StoreDot and Circulor partner to increase transparency, sustainability in EV battery supply chain

StoreDot, a startup developing fast-charging electric vehicle batteries, and Circulor, a supply chain tracing company, unveiled a partnership Tuesday aimed at increasing transparency in the EV battery supply chain.

The companies will track carbon dioxide emissions from mining the necessary raw materials used in StoreDot battery cells and the cell manufacturing process. That will help showcase “responsible, sustainable and ethical sourcing,” according to the companies.

Tracing battery material production and carbon emissions will allow StoreDot to make this information available to EV customers and regulators.

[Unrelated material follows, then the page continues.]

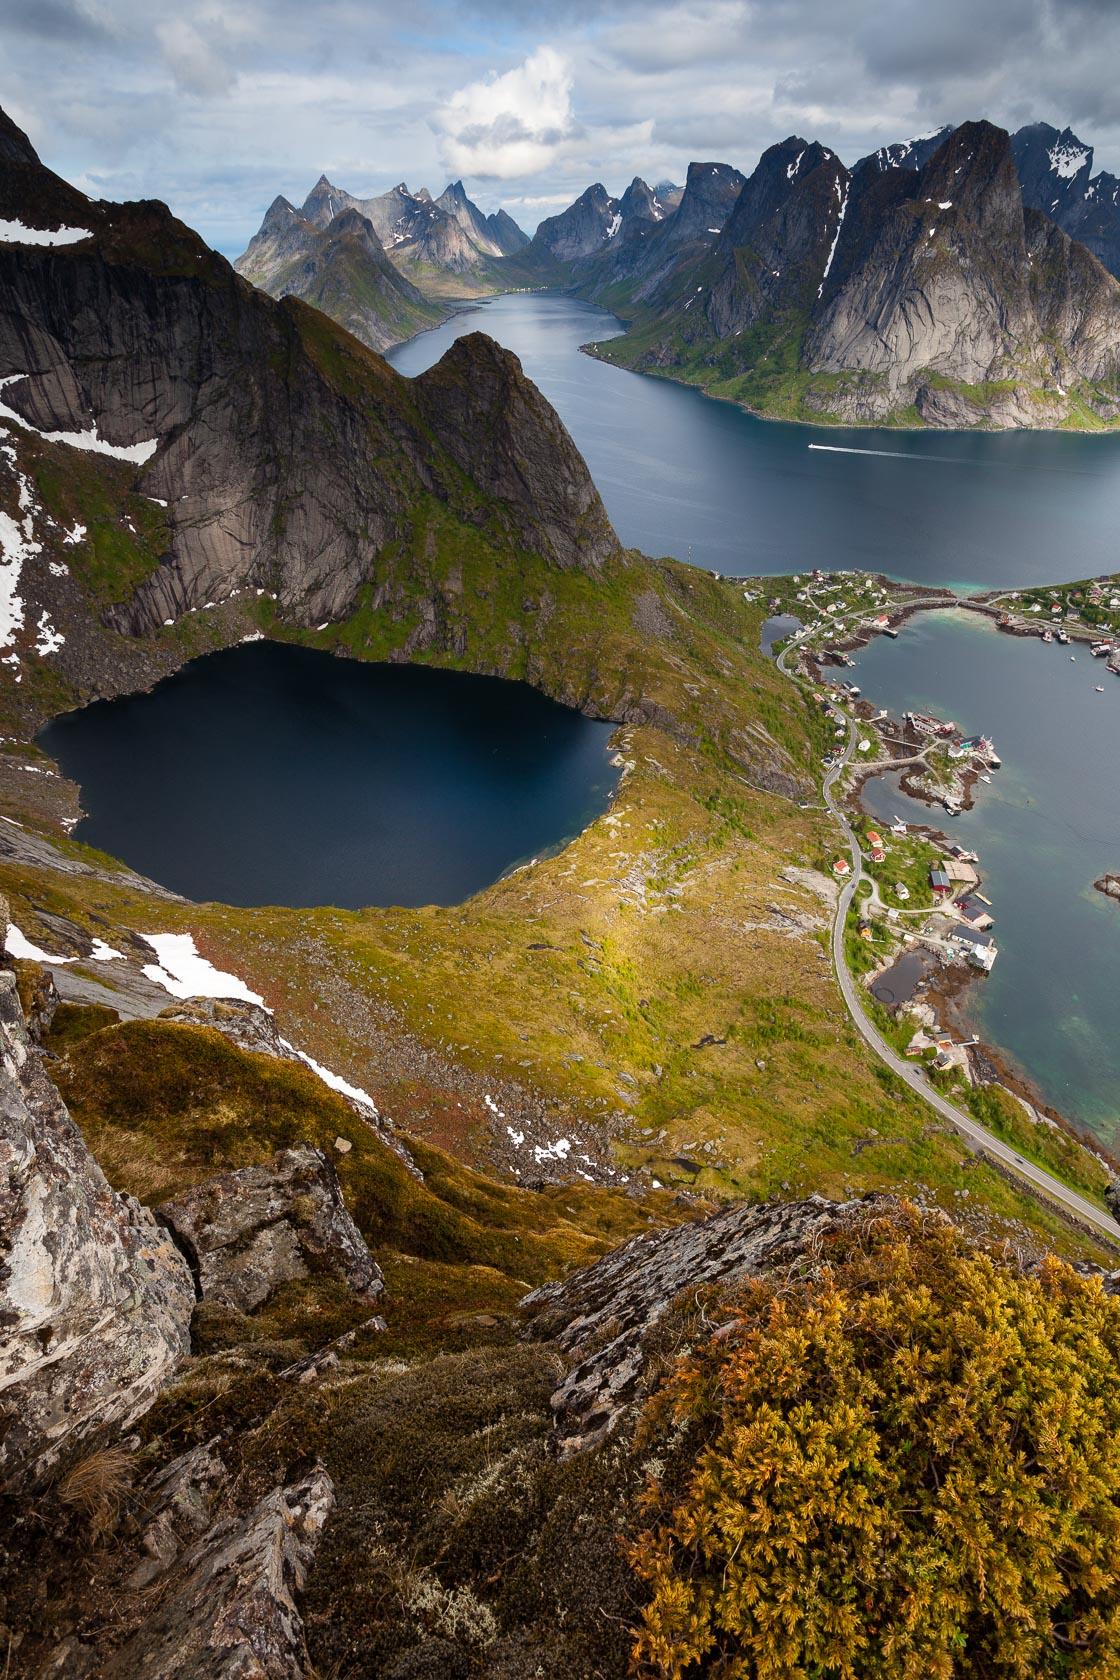 Vue sur Reine depuis le Reinebringen, lors d'un voyage photo dans les îles Lofoten en Norvège

Specific information will boost confidence in StoreDot’s batteries as they move toward mass production with major automotive partners, CEO Doron Myersdorf said. The startup plans to mass-produce batteries capable of giving EVs 100 miles of range in just two minutes of charging by 2032.

Circulor has done cobalt tracking for Volvo and works with other industry players such as Mercedes-Benz, Ellen Carey, a Circulor vice president, told Automotive News.

Consumers increasingly look for ethical sourcing in a multitude of products, and they no longer believe sustainability claims when companies don’t provide the data behind them, Carey said.

“We have it in terms of our food now, when you buy organic,” she said. “Increasingly, we’re going to know that about our batteries in our EVs — the provenance of the materials and the journey they took in terms of getting into our vehicles.”

Circulor, a London company, said European Union battery regulations, part of the EU’s Green New Deal, now demand more sourcing information. Each battery produced and placed on the market will travel with something akin to a “battery passport,” giving it a unique identification and carrying specific information about its production.

Traceability will soon become a required component of battery production, Guidehouse Insights EV analyst Michael Austin said.

“The critical mineral requirements of the [Inflation Reduction Act] in the U.S., plus upcoming EU rules on battery sustainability that go into effect in 2024 are signals (of this),” Austin said. “Right now, we’re seeing the early stages of how the battery industry will figure this out.”

Traceability of battery materials is important because you can’t improve something you can’t measure, Myersdorf told Automotive News.

“There will be a variety of batteries all over the world across multiple technologies and geographies,” he said. “If we want to be able to ensure the sustainability and ethics of sourcing battery materials, there has to be a unified database adopted by all the players in the market.”